RECORDED DATA:
=-=-=
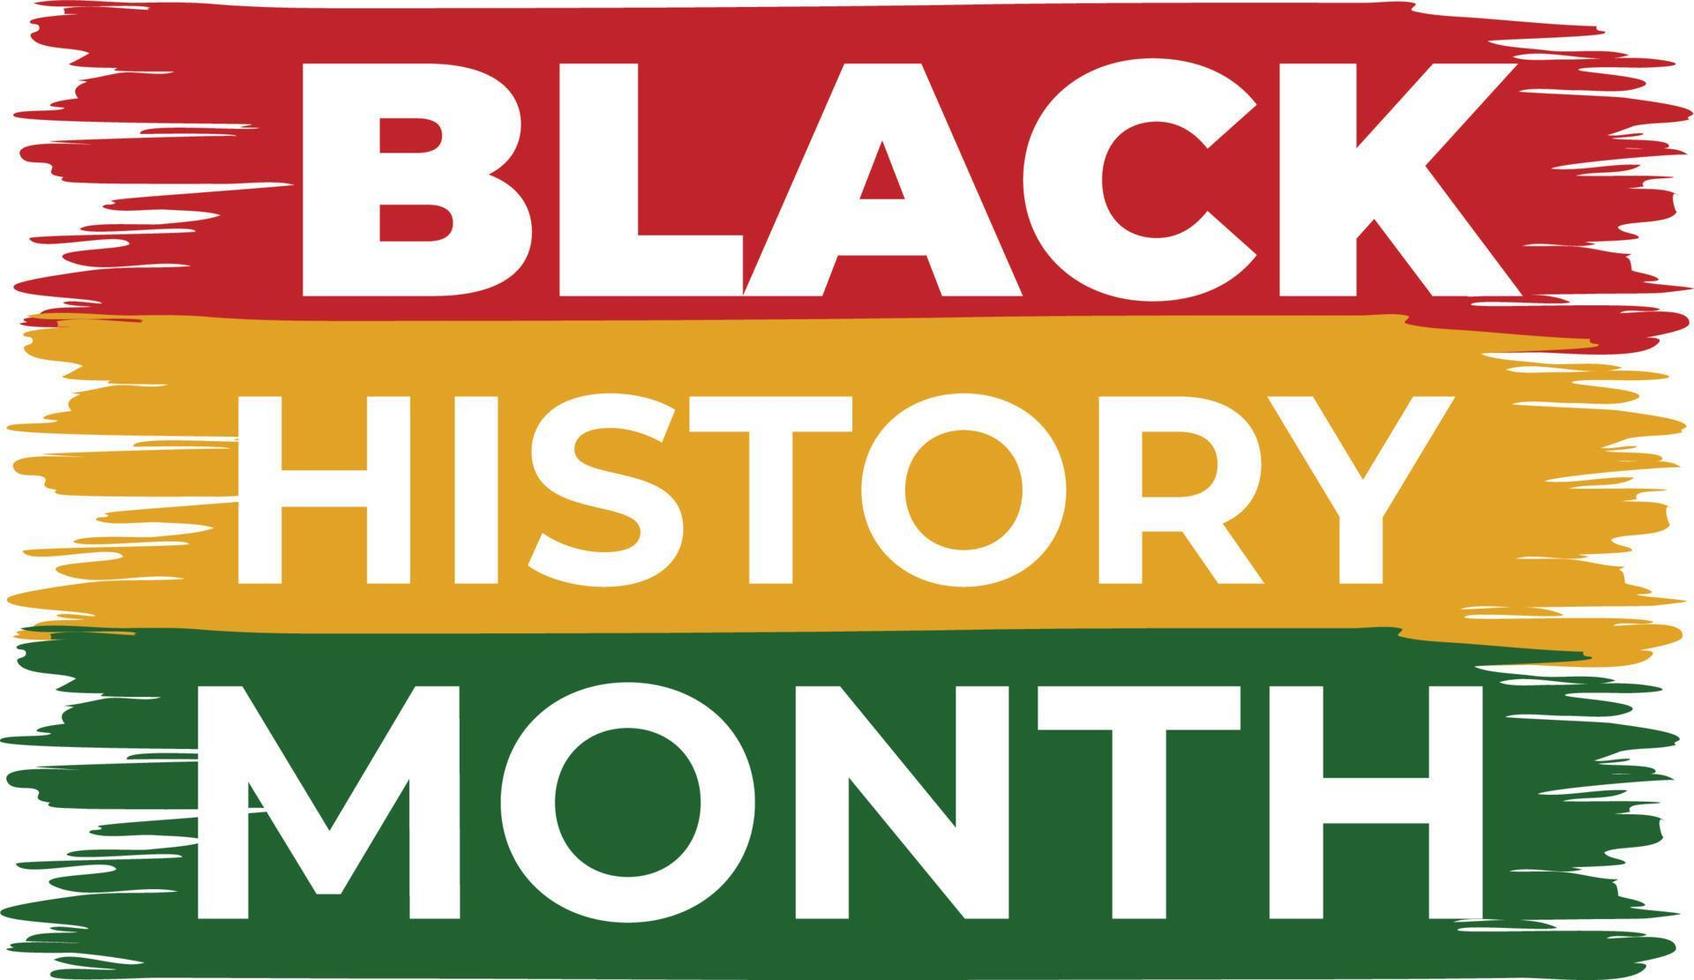 Black History Month Brush Stroke Effect vector
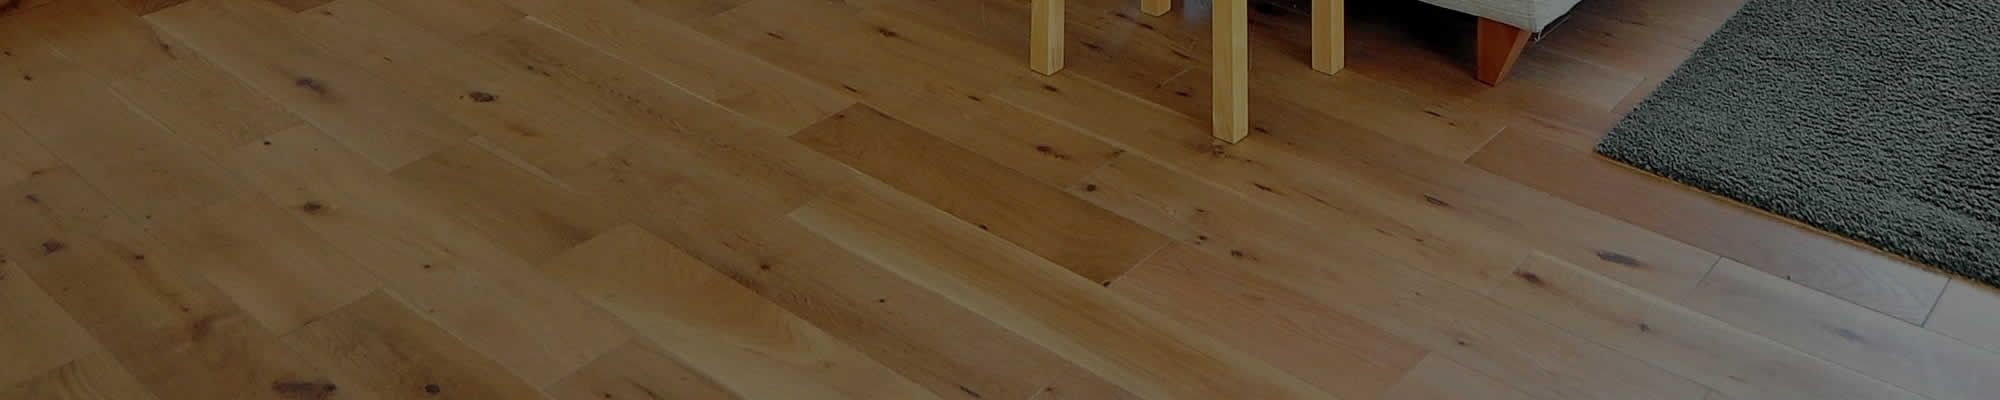 Hardwood Floor Refinishing Menomonee Falls WI
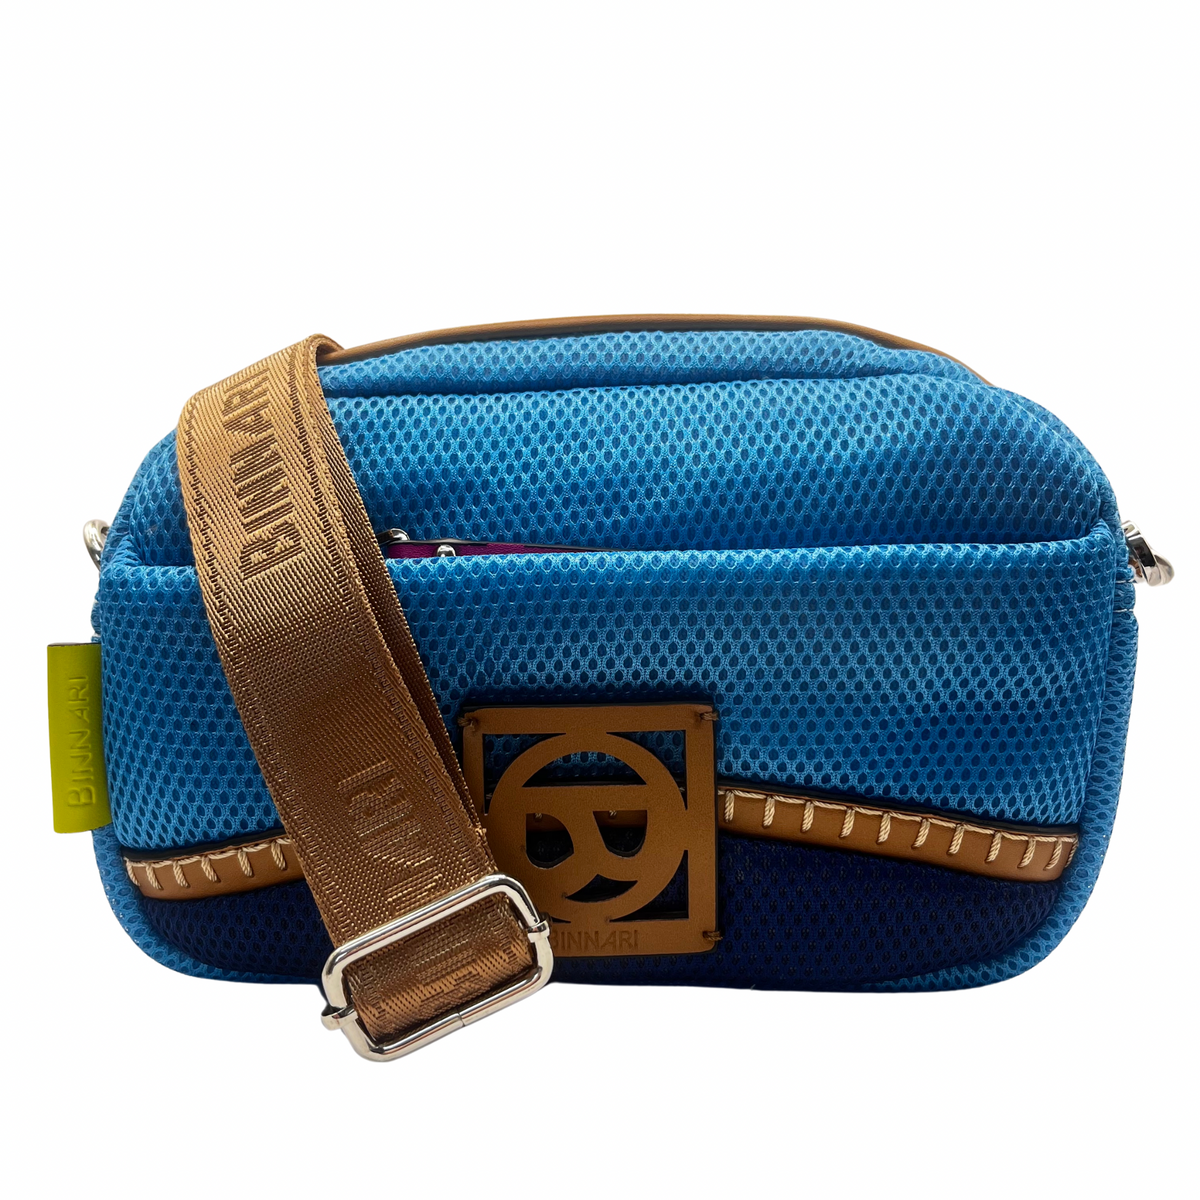 Binnari Blue Mesh Crossbody Bag
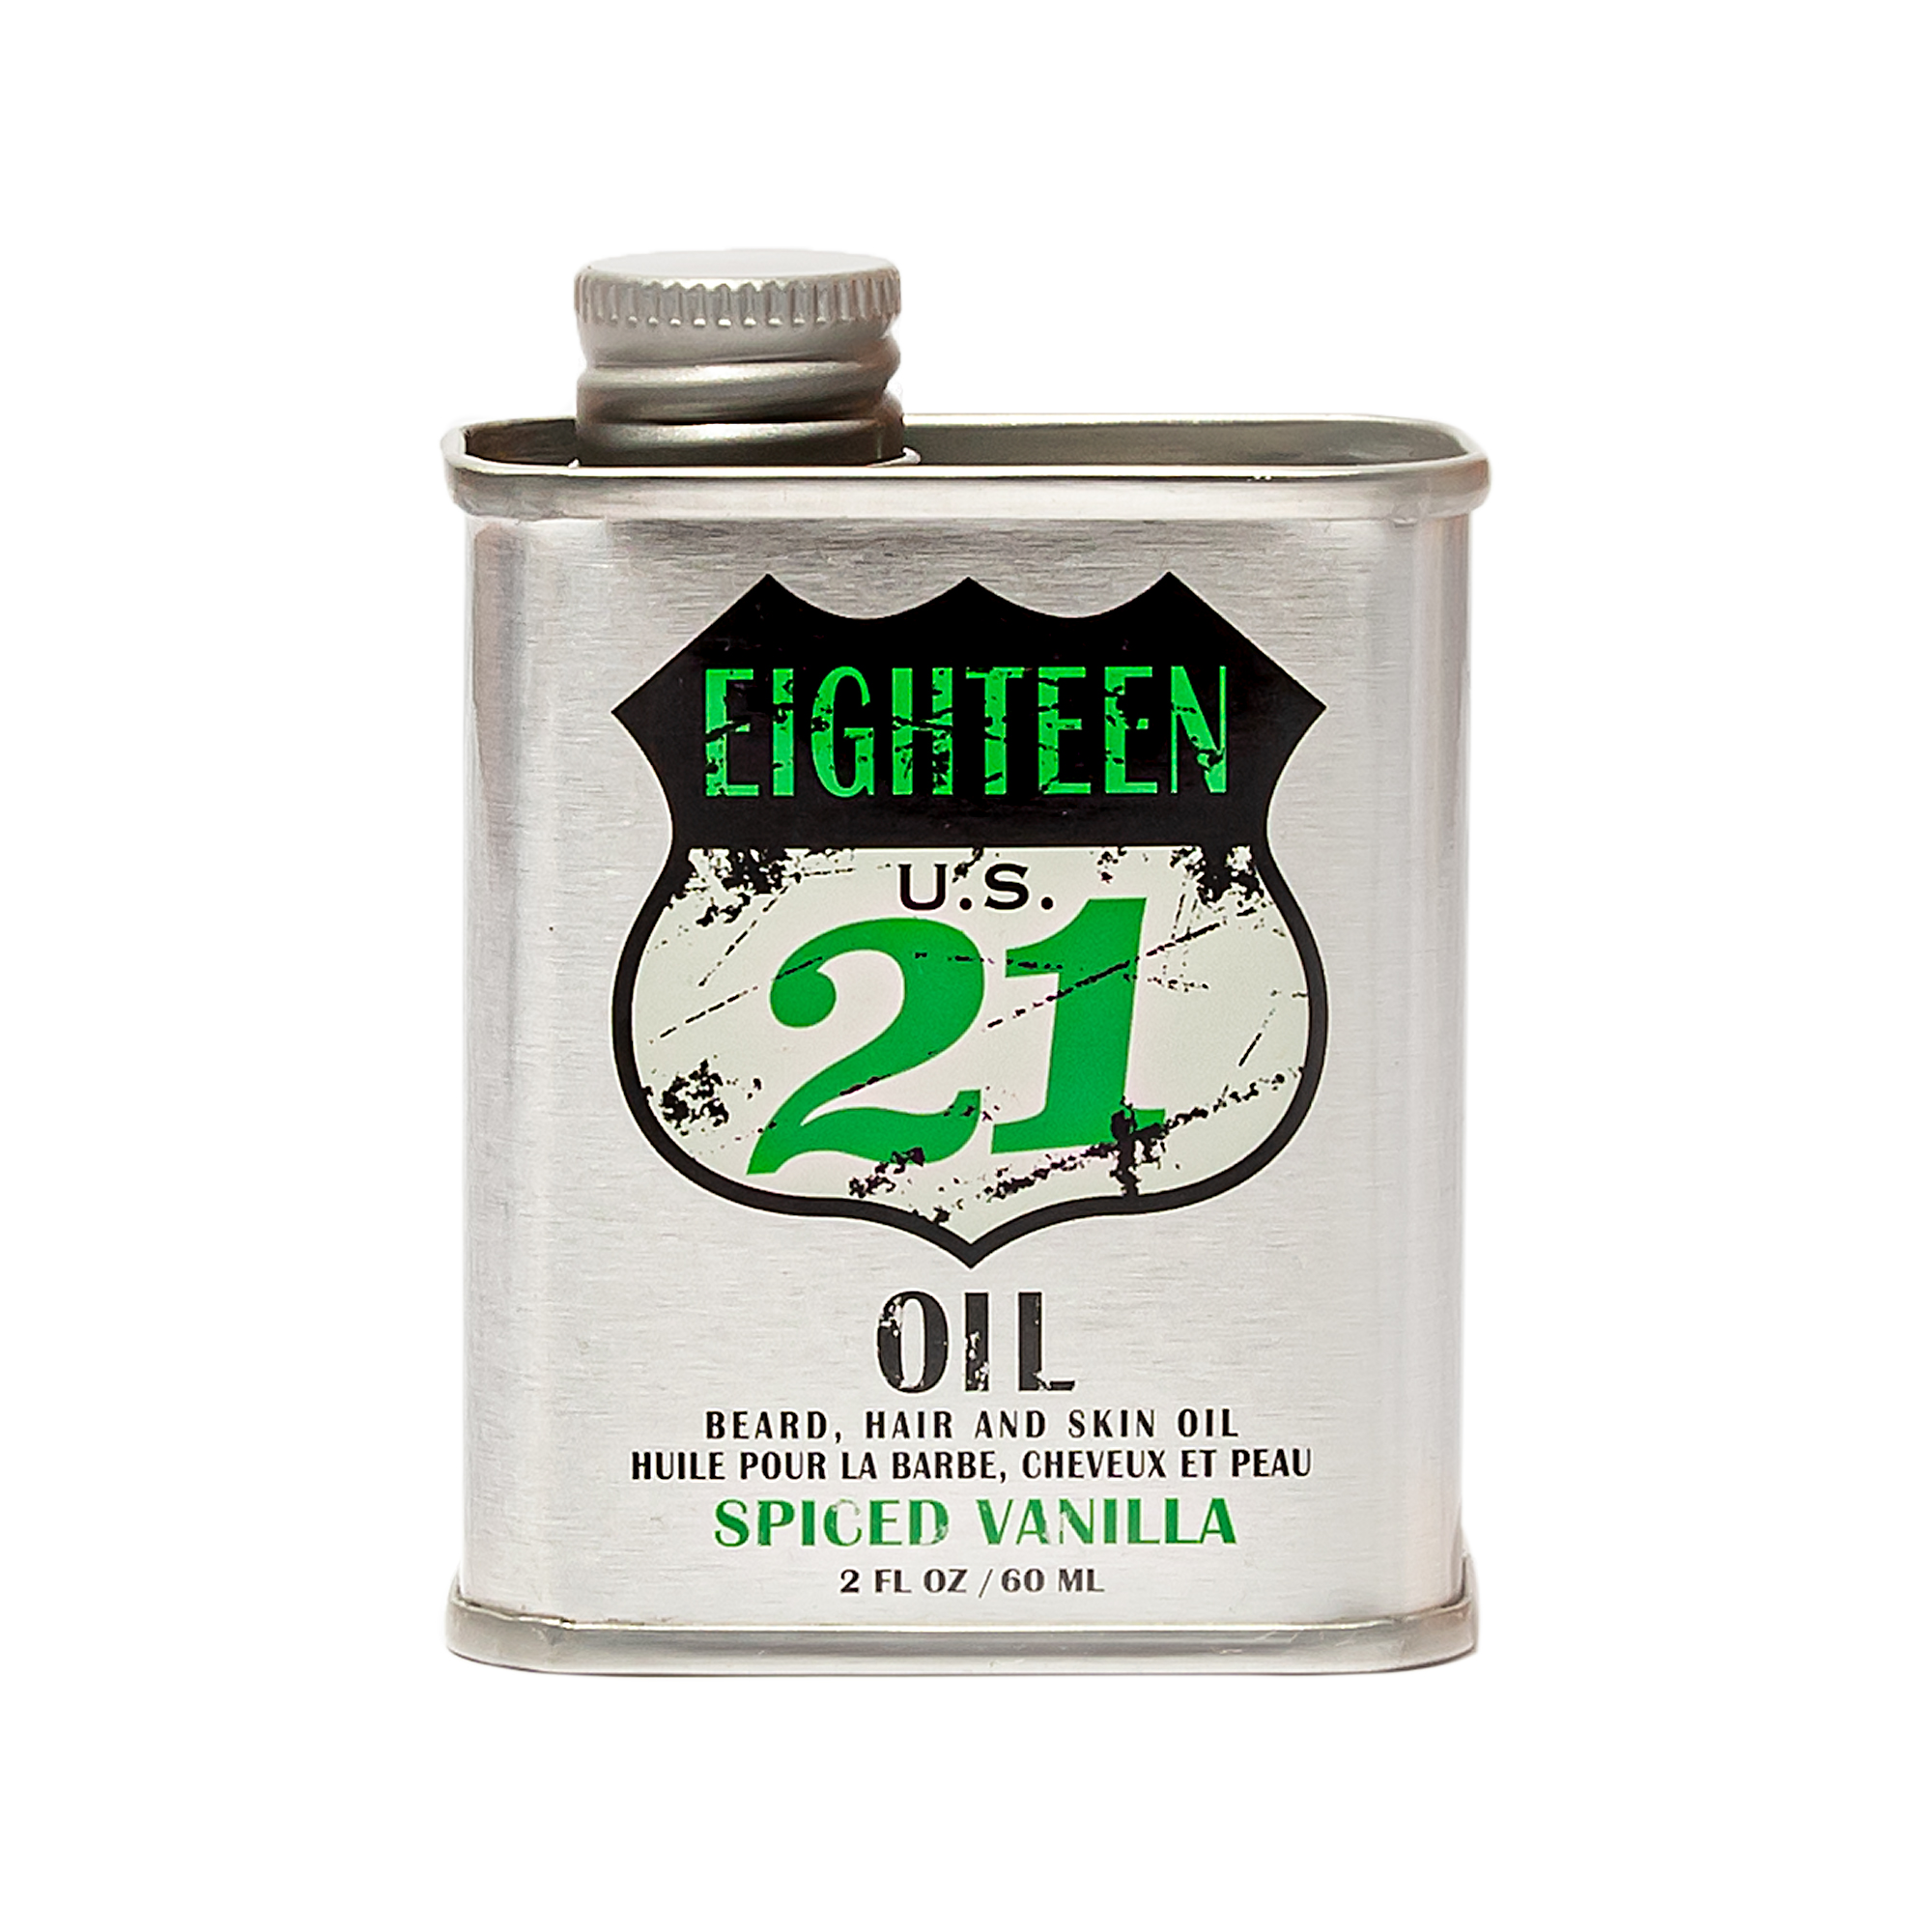 18.21 Man Made Spiced Vanilla Oil
=-=-=
Find the line with "Binnari Blue Mesh Crossbody Bag". Return it and each line after it through the end of the data, exactly, without pictures.

 Binnari Blue Mesh Crossbody Bag
 18.21 Man Made Spiced Vanilla Oil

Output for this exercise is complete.